Exercise directions =>
Reproduce the records word for word, apart from the images they contain.

Stored dataset items
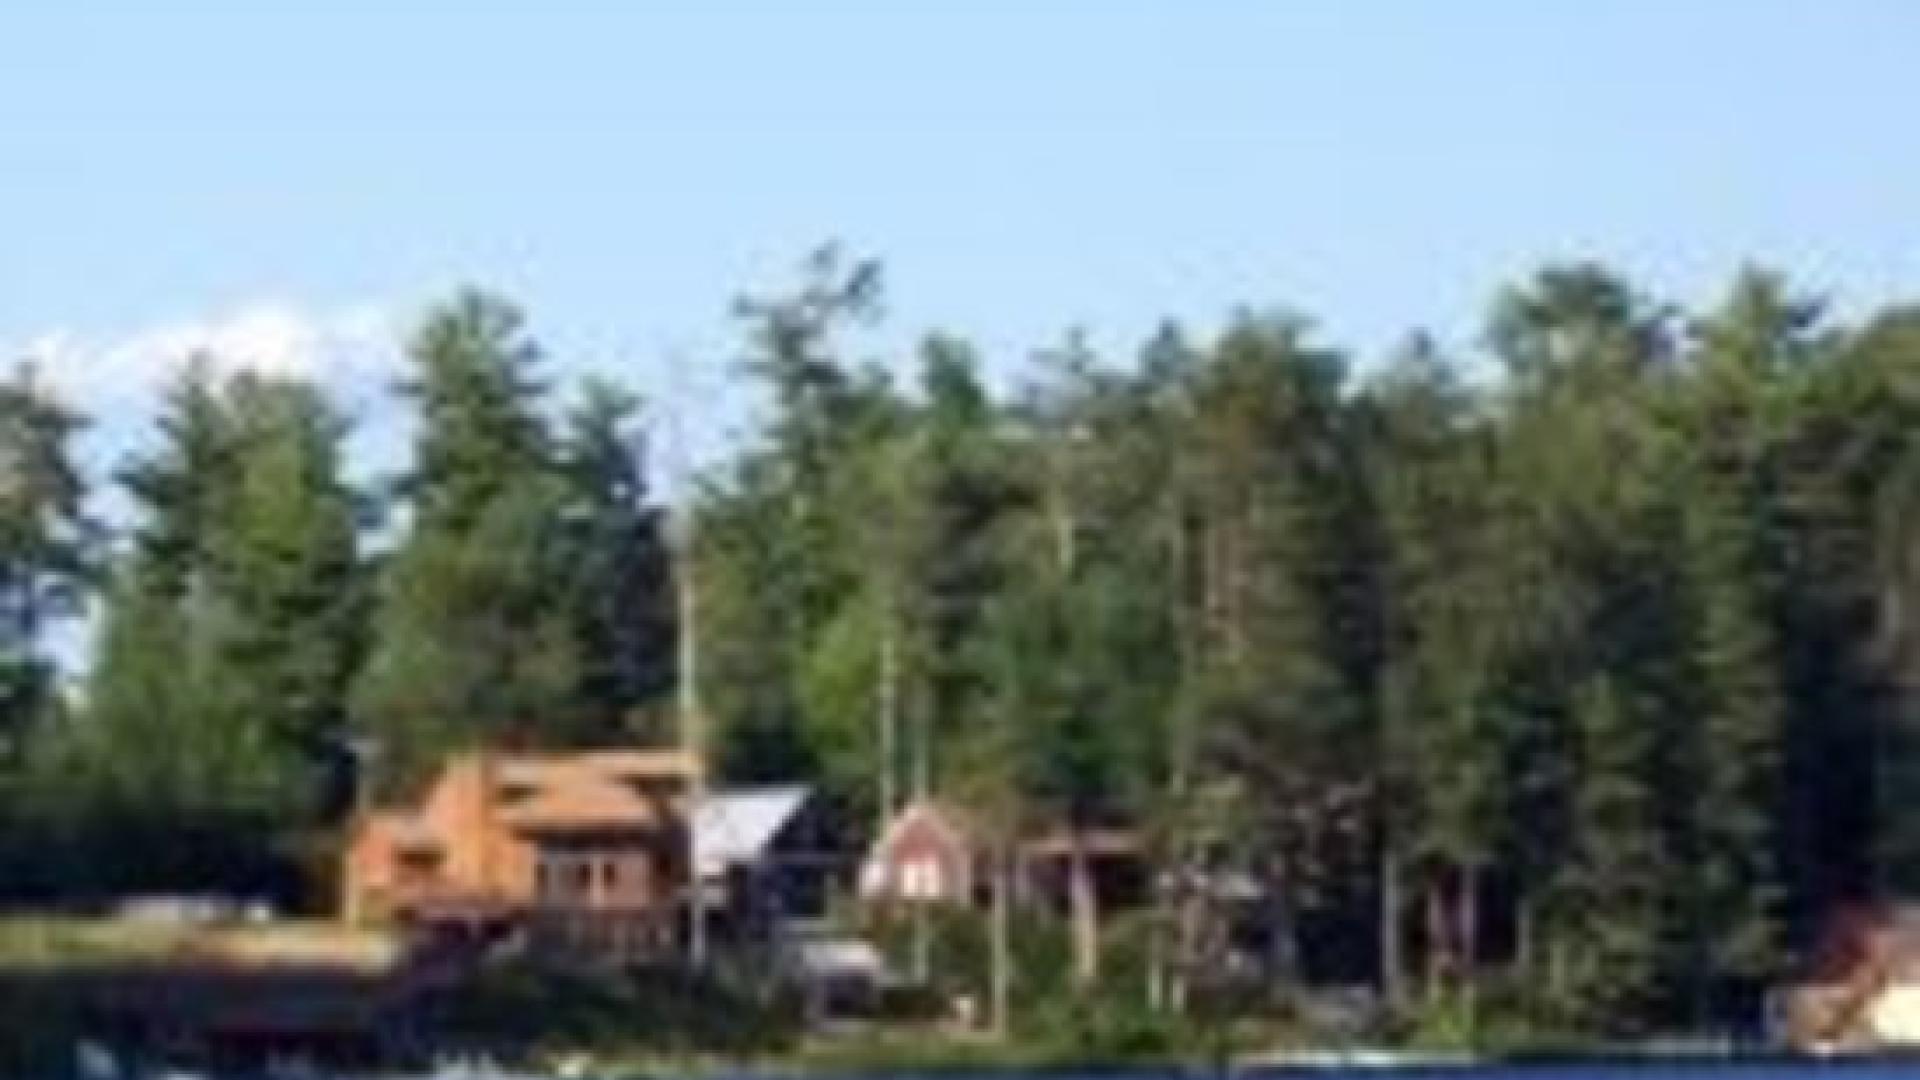 Gleasman's Lakefront Cottages
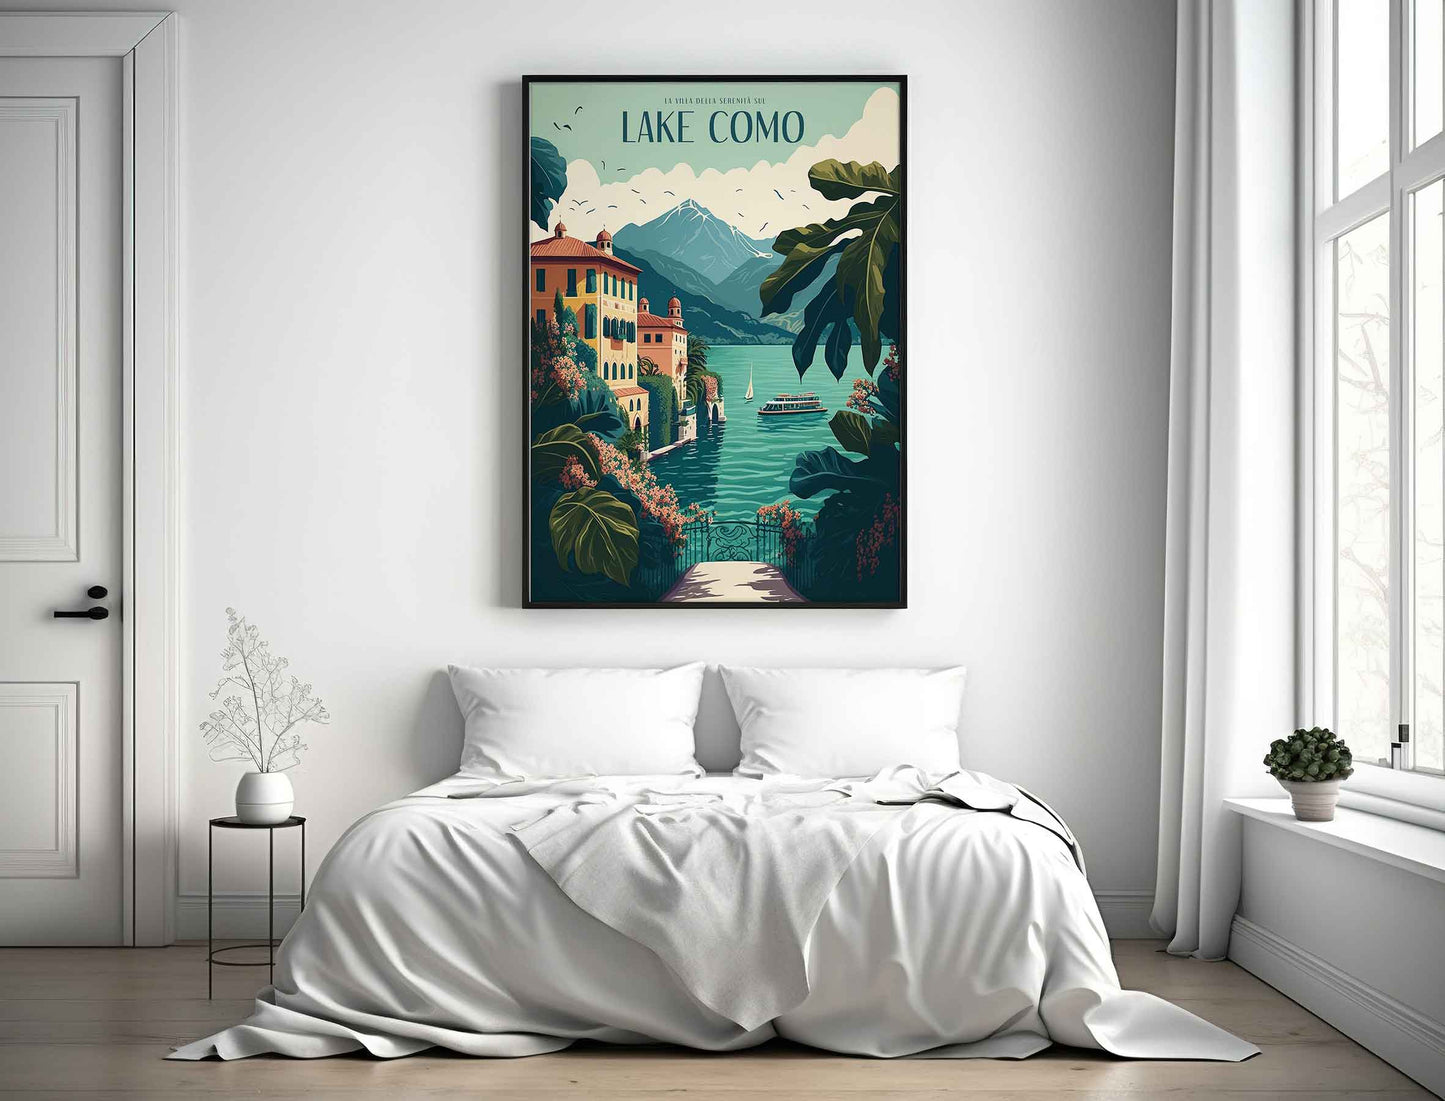 Framed Image of Retro Lake Como Italy Travel Illustration Wall Art Poster Print
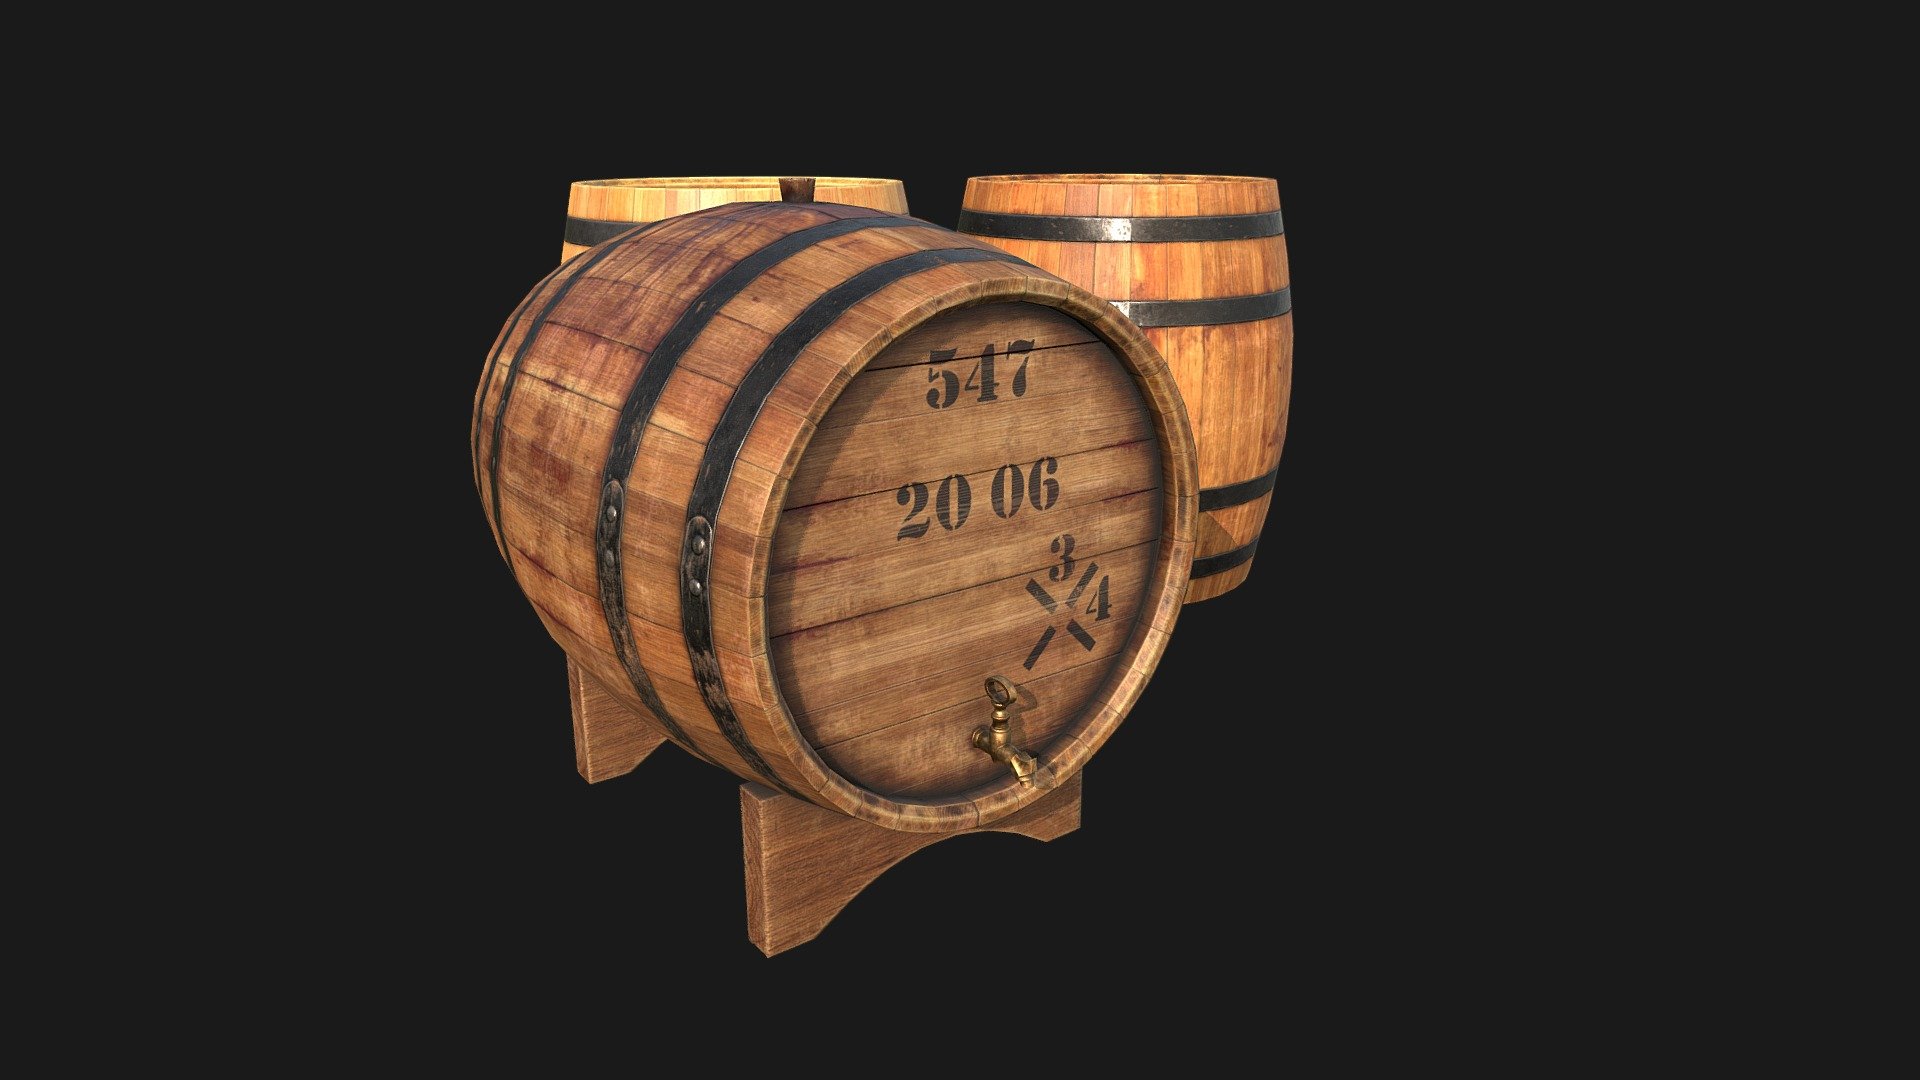 The best house for wine is a wooden barrel.

Model available on

CGTrader
-link removed-

3DExport
-link removed-

Turbosquid
-link removed- - Wooden wine barrels - 3D model by Igor Novik (@artinstrouke) 3d model

Response to the exercise =>
 Gleasman's Lakefront Cottages
 Framed Image of Retro Lake Como Italy Travel Illustration Wall Art Poster Print
 The best house for wine is a wooden barrel.

Model available on

CGTrader
-link removed-

3DExport
-link removed-

Turbosquid
-link removed- - Wooden wine barrels - 3D model by Igor Novik (@artinstrouke) 3d model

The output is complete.